Keep the full field set and the field order. The Sentinel connector maps each value to a column by its position in the line. Netskope's parser lets you remove fields or place them in a different order, but if you do, the columns shift and the connector fails to convert the records. Use the parser that sends all 197 fields in the order the connector expects. Do not drop or reorder fields.
Get the updated connector
The updated connector template is on GitHub. It parses the comma-separated Web Transaction log.
Disconnect the existing connector
Make sure to disconnect the existing connector or else it will still get disconnected when you perform the below steps.
Upgrade an existing deployment
You can upgrade an existing connector with this template. The update is additive, so it adds the 51 new columns and leaves your existing columns and data in place.
- Open the Azure Portal and search for Deploy a custom template.
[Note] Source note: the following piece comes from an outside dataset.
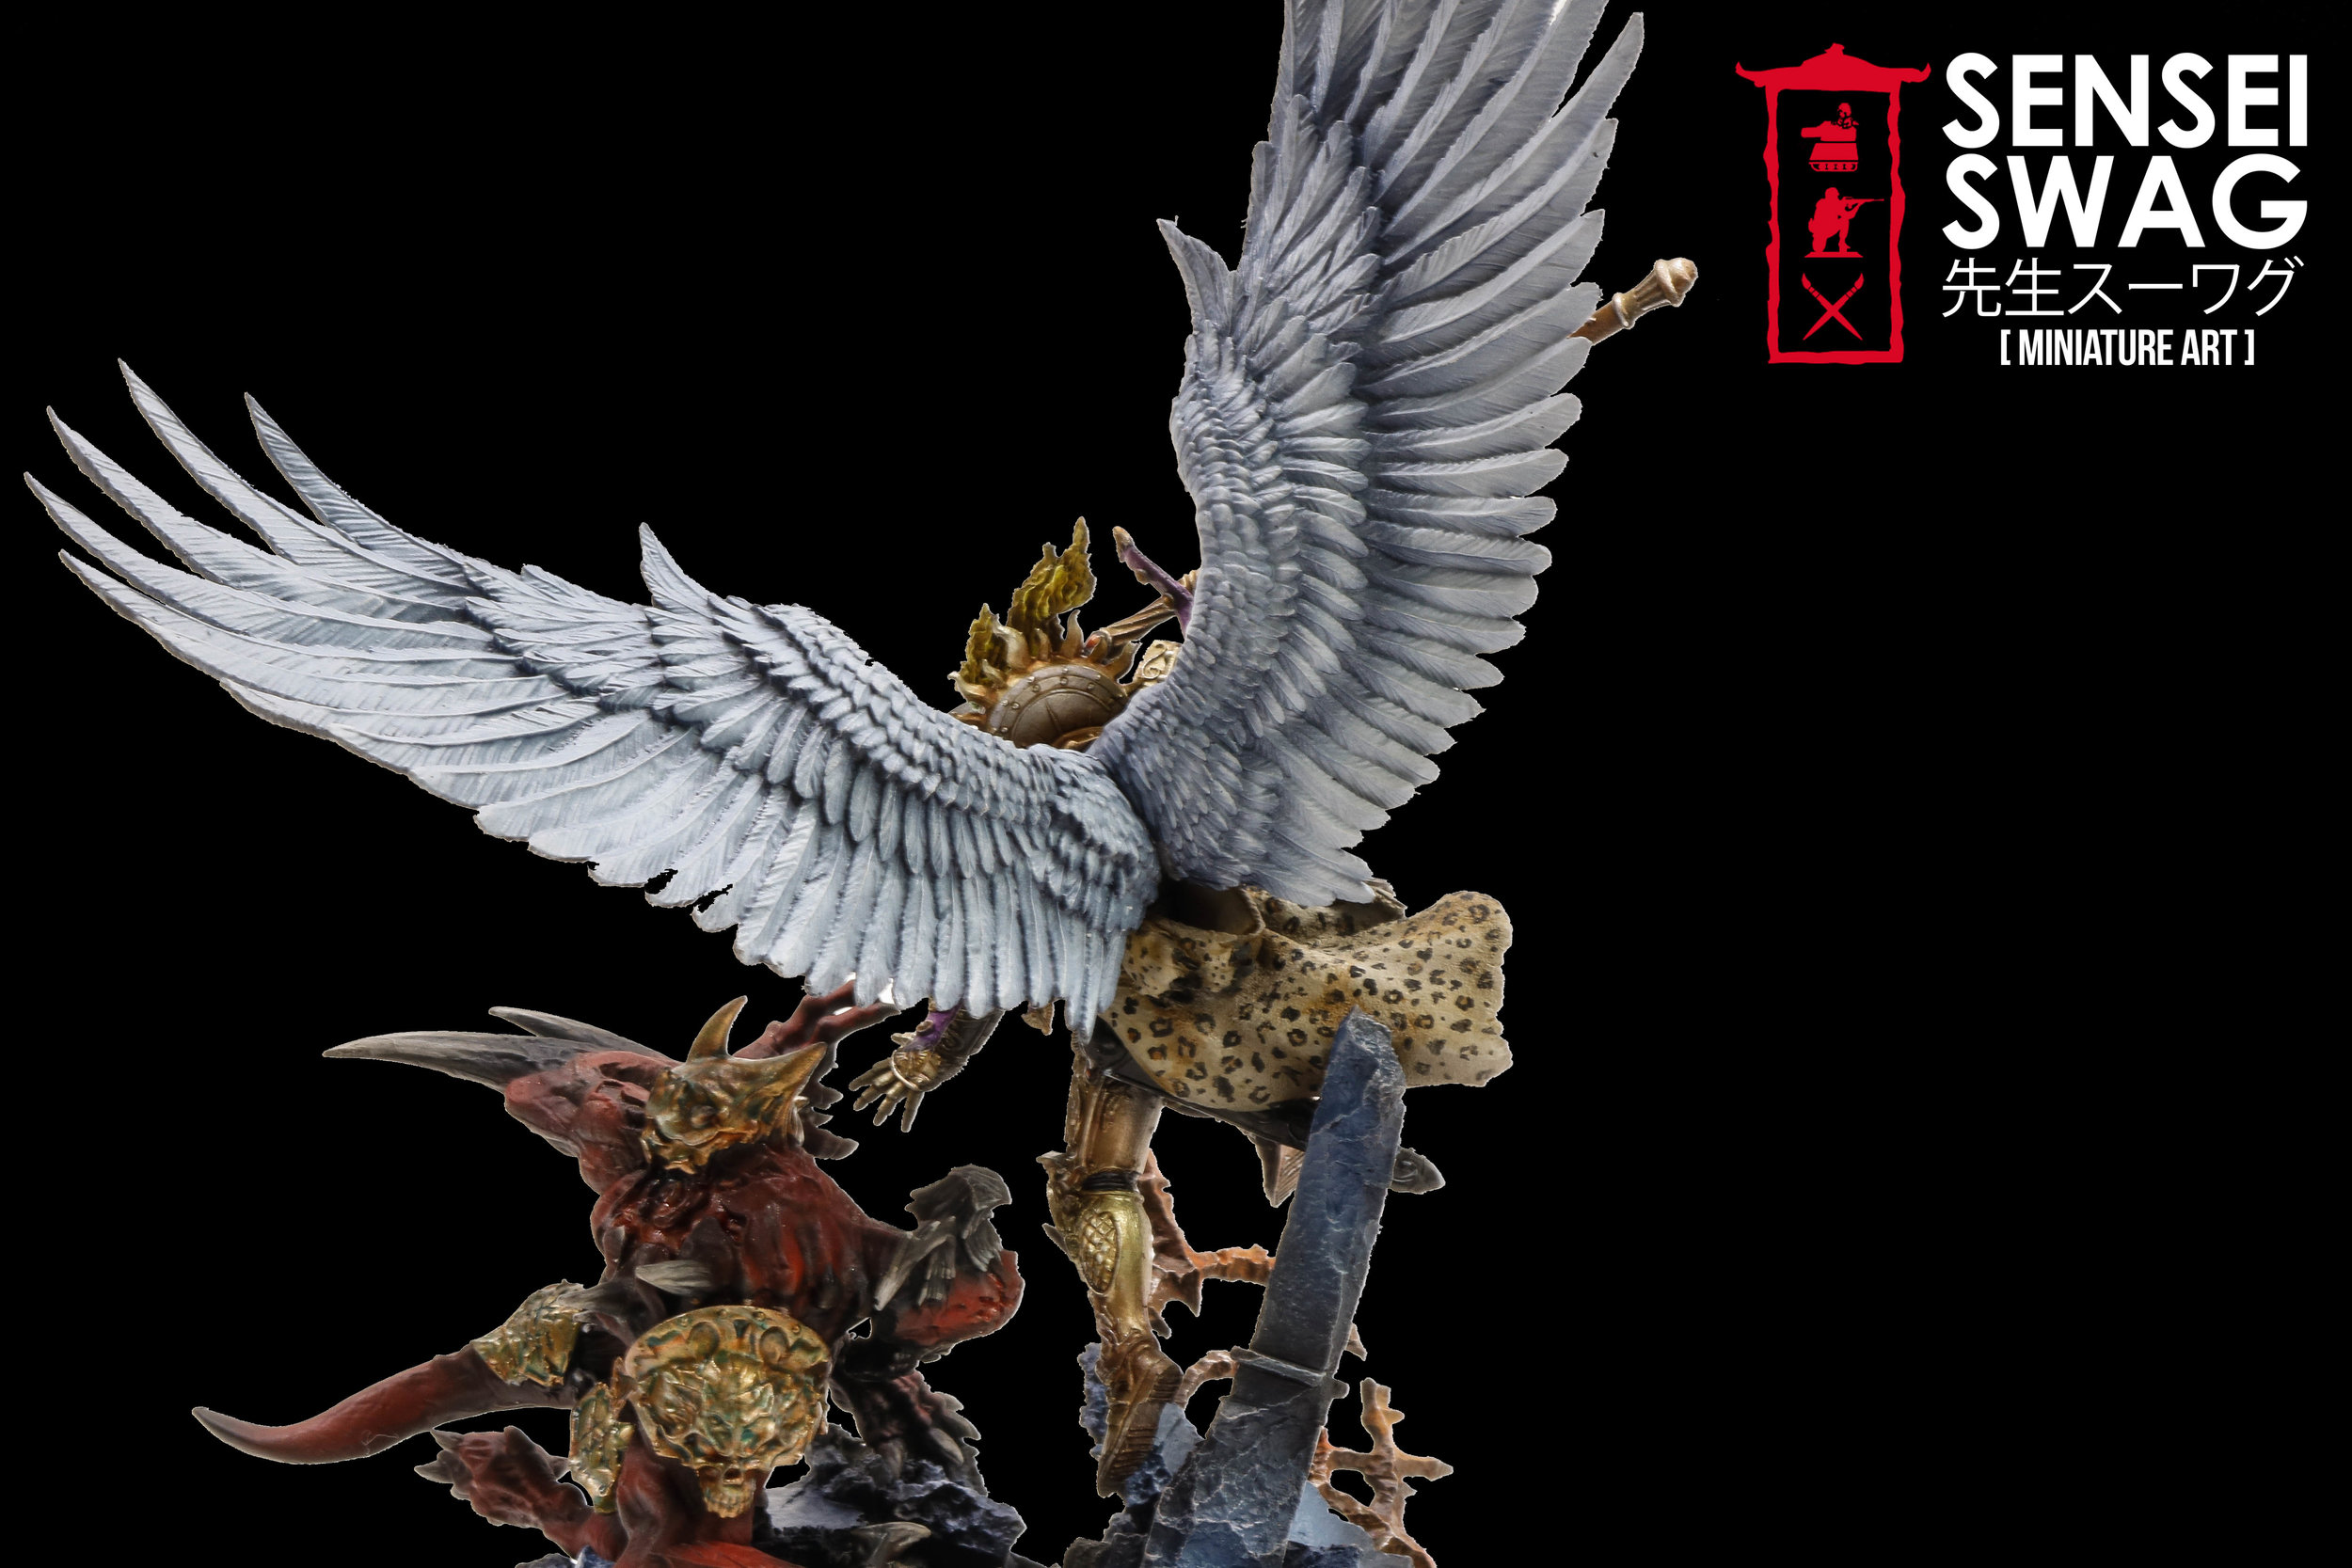 Sanguinius Forgeworld Primarch of the Blood Angels Legion Watermark-4.jpg

- Select Build your own template in the editor.
- Load the updated JSON from the GitHub link above, or paste its contents. Click Save.
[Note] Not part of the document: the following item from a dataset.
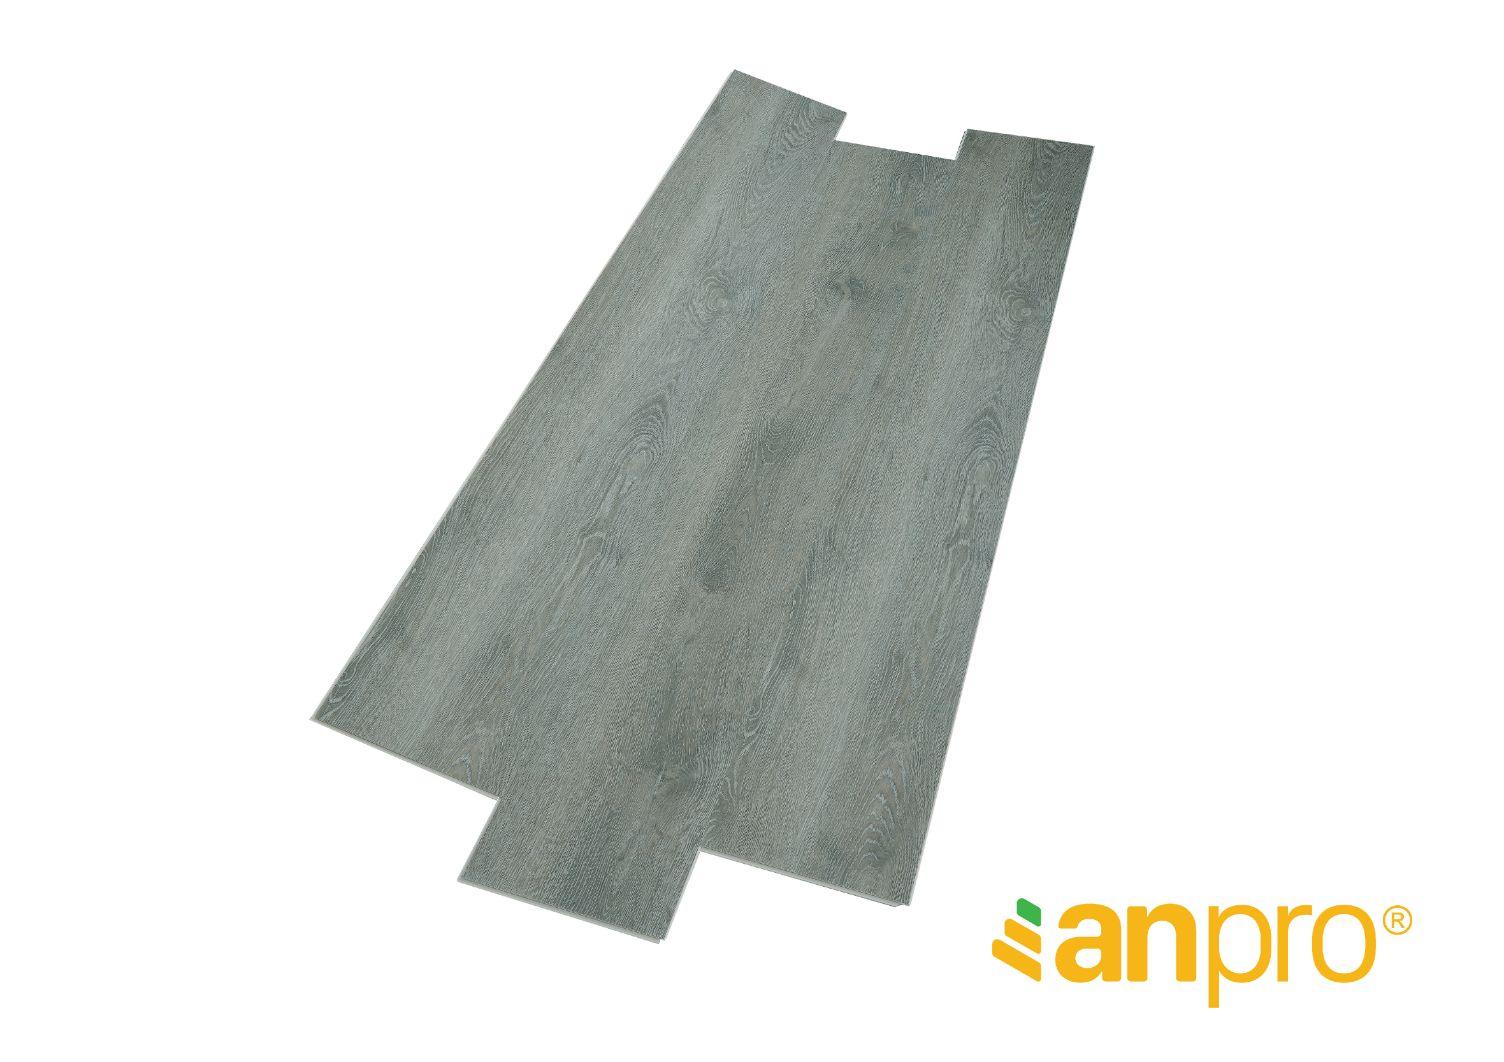 SA113 01 01 - Sàn AnPro vân gỗ SA113

- Fill in the parameters: Workspace, Workspace Location, Region, and the Resource Group where Sentinel is located. Use the same values as your original deployment.
- Click Review + create, then Create.
- The deployment updates both the table schema and the Data Collection Rule, so the new columns appear and also fill with data.
Connect the existing connector
Connect the existing connector after deploying the new template with the new fields addition and perform the same steps for the connection.
After connecting the new connector you will see the same table getting updated with the additional fields.
Verify
Open your Log Analytics workspace > Tables > NetskopeWebTransactions_CL. The column count is higher than before. Search the schema for a new column, for example XRCountry, XTenantId, or SrBytes.
Then confirm data, once logs arrive (it can take Upto 20 minutes):
NetskopeWebTransactions_CL
| where TimeGenerated > ago(1h)
| project TimeGenerated, XRCountry, XTenantId, SrBytes, RsBytes, XTpResult
| take 20
Notes
- Additive only. This update adds columns. Do not use it to change a column's type or remove a column. That triggers the schema error described in the original guide.
- New columns can take a few minutes to show in the schema editor. Data follows once logs flow in.
- Send Universal Format from Netskope. The new columns fill only when the stream sends the Universal Format fields in the expected order. See Switch your Netskope log stream to Universal Format above.